To think the grass needs mowing, and it was 85° a couple of weeks ago.... [smilie=s:

How is it where you live? Please tell me it's better than this.....


----------



## gnatster (Mar 6, 2004)

What do you expect in Minnesnowta?


----------



## Piscesgirl (Feb 25, 2004)

Oh gads! I did mow today after my mower decided after all it did want to work (maybe it was because I threatened it with a junk yard trip) and it was a nice 70 degrees. Sorry Jan


----------



## turbomkt (Mar 31, 2004)

I was mad today. It was the second day in a row the weather guy on TV was wrong. Both days they said a high of 70-71, but in reality it reached 80 (or close to it) both days!

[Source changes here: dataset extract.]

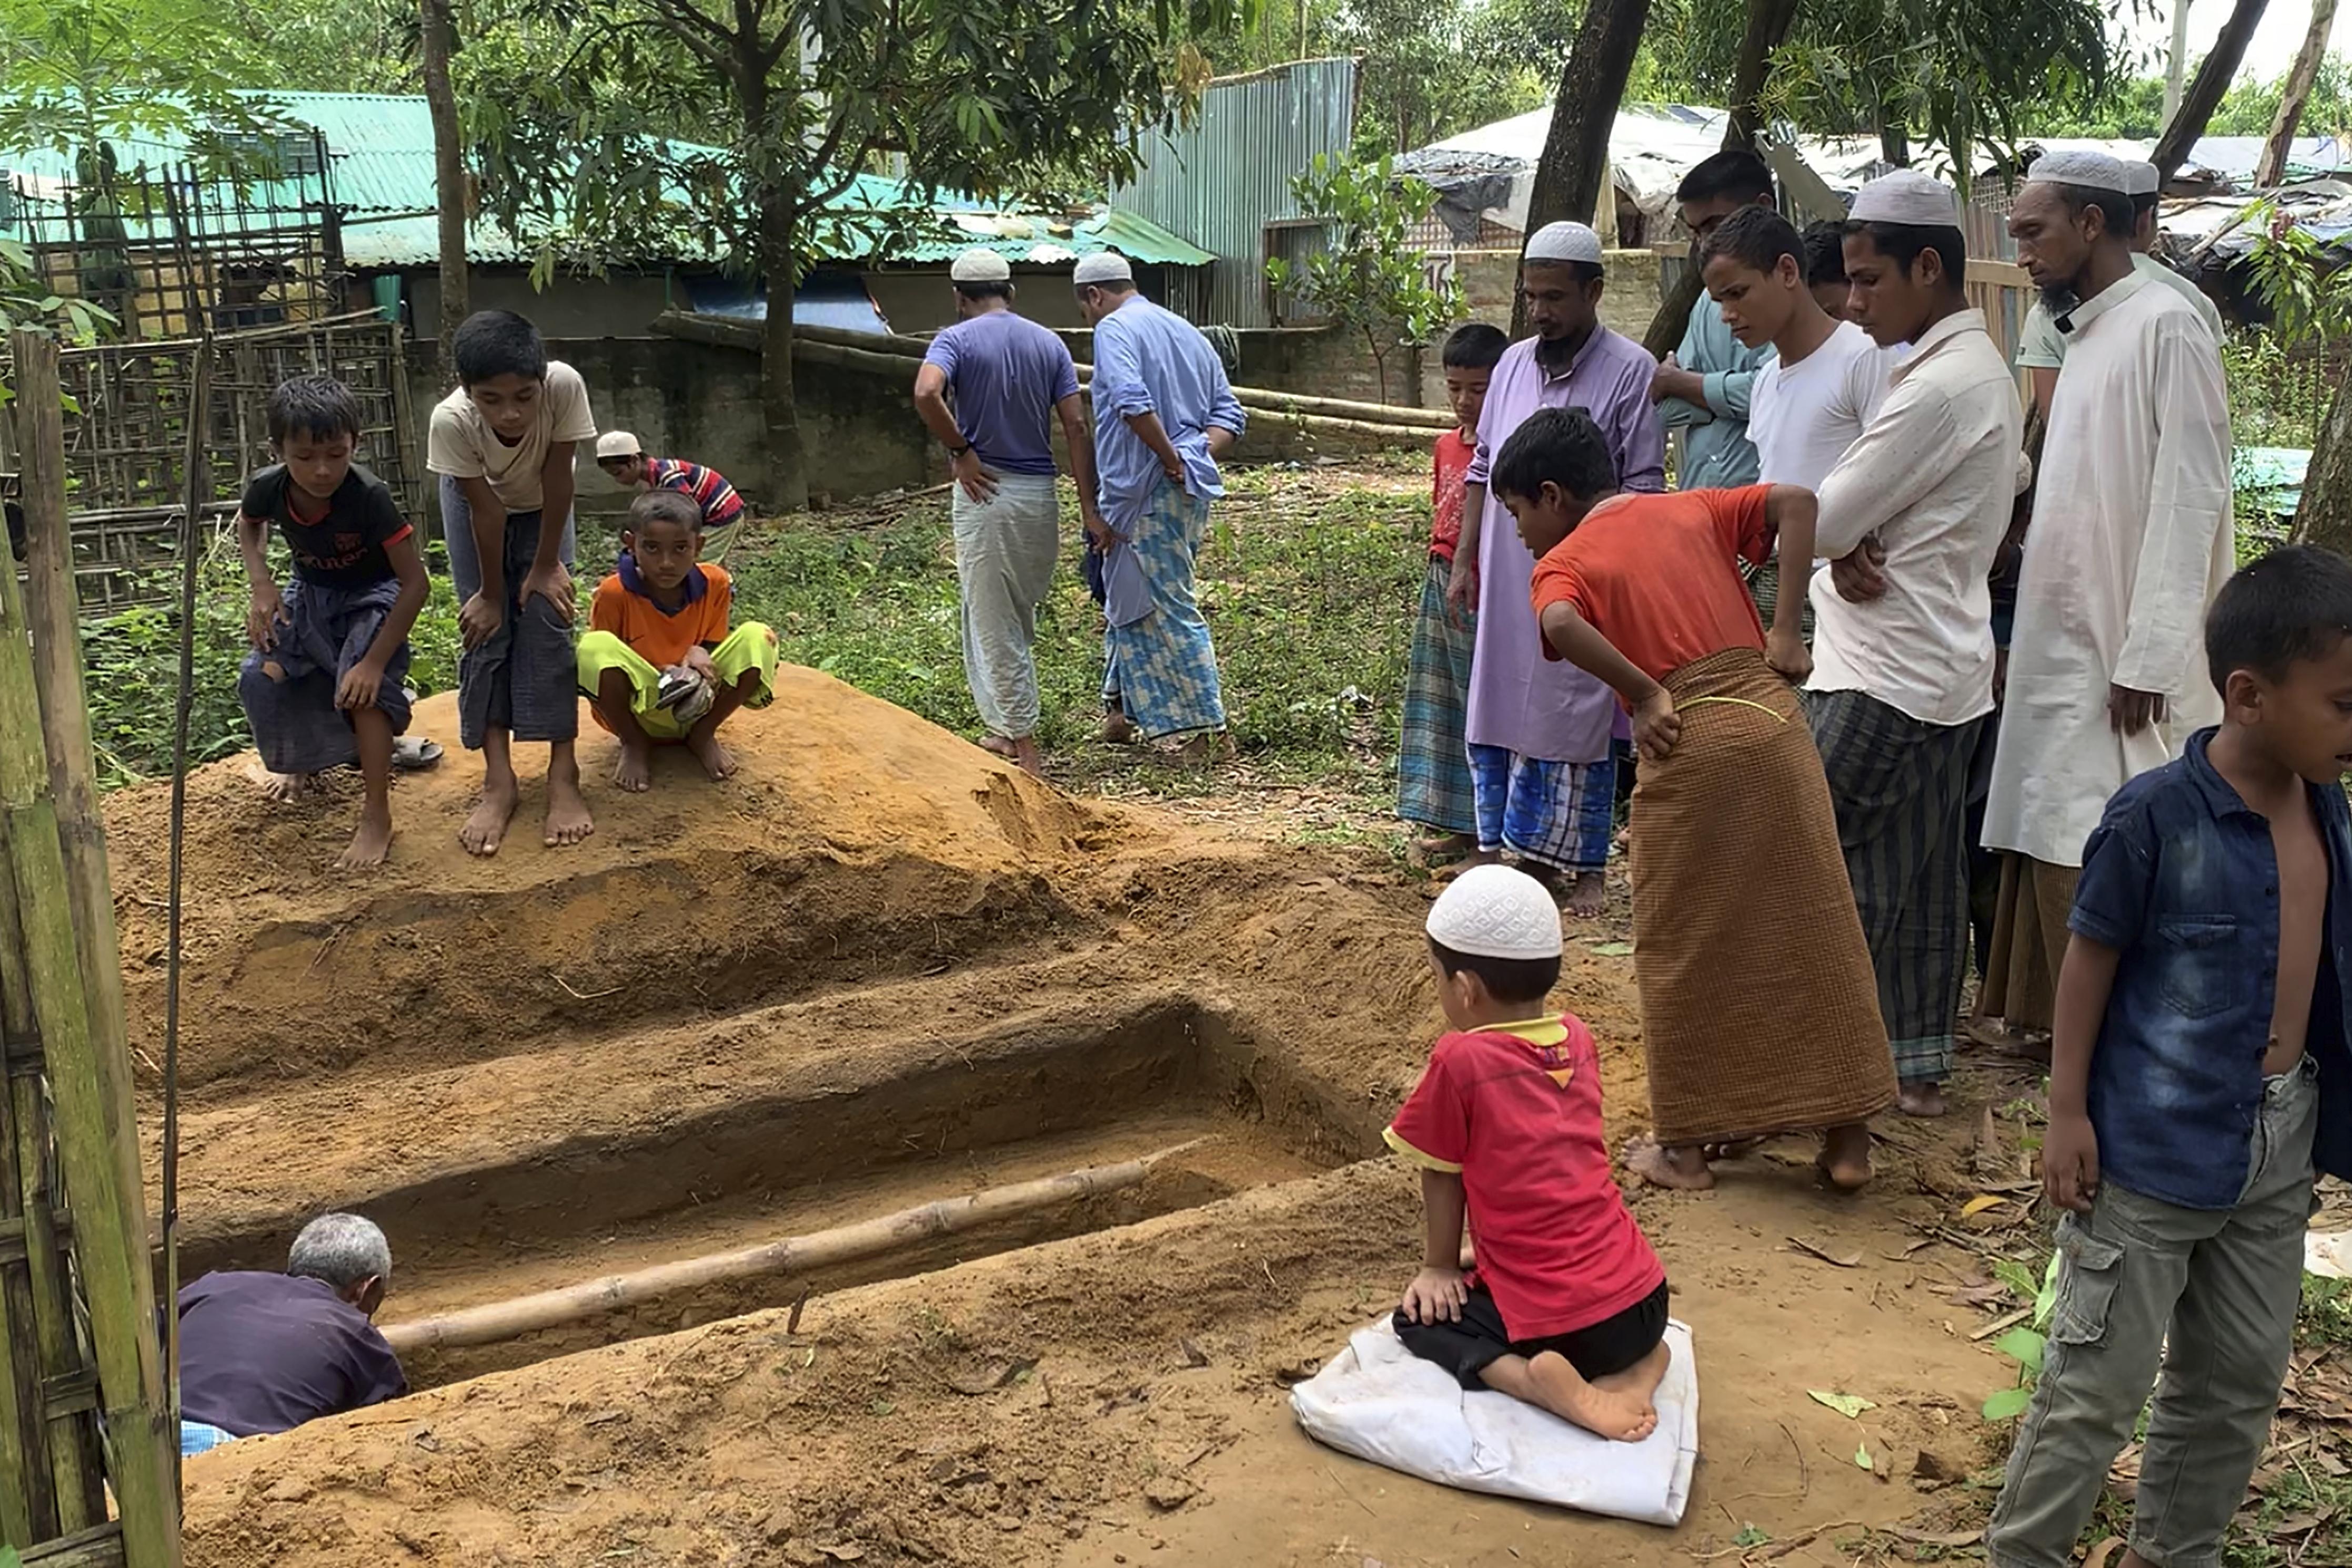 A grave for Mohib Ullah at the Rohingya refugee camp in Kutupalong, Bangladesh

And we even had rain on Thursday.

It's been a long time since I've seen that white stuff around. Hey...I remember. The weekend before Thanksgiving I was passing through Idaho and Utah on my way home (through Vegas for T-giving dinner with my mom).

[smilie=k:


----------



## Paul Higashikawa (Mar 18, 2004)

Already crazy 90's in Houston. And all the wild swords have been blooming with other aquatic what-not plants. Dang hot here!


----------



## The_Holy_Bull (Apr 27, 2005)

Ya up here in northern Maine we got 5in of snow Friday morning from like 3:30 am to 11:00 am then it turned to rain. The rivers around here are the highest they have been in like 30 years! But all is well it was 45 today lol.


----------



## Jason Baliban (Feb 21, 2005)

Oh goodness......Im sorry.
jB


----------



## amber2461 (Jun 15, 2004)

Weather here is the same as PG, sorry Jan!


----------



## Laith (Sep 4, 2004)

Jan, if I were you, right about now I'd be seriously thinking about migrating somewhere south! :smile:


----------



## Bert H (Mar 2, 2004)

And here I thought we had a lousy day yesterday - rained on and off and temps in the 70's! It's all relative.


----------



## fishmaster#1 (Apr 10, 2005)

It's in the 40's here in chi land no snow tho. I am going to move south in few months to enjoy hobby all year long.


----------



## Praxx42 (Mar 4, 2005)

Rain! Give me rain and lots of it, I'll even take it temporarily frozen, just gimme rain!


----------



## bopper20 (Mar 14, 2005)

looks like you've got too much snow in the picture, try a better filtration method. also - I don't like the looks of your grass - perhaps its not getting enough iron..


----------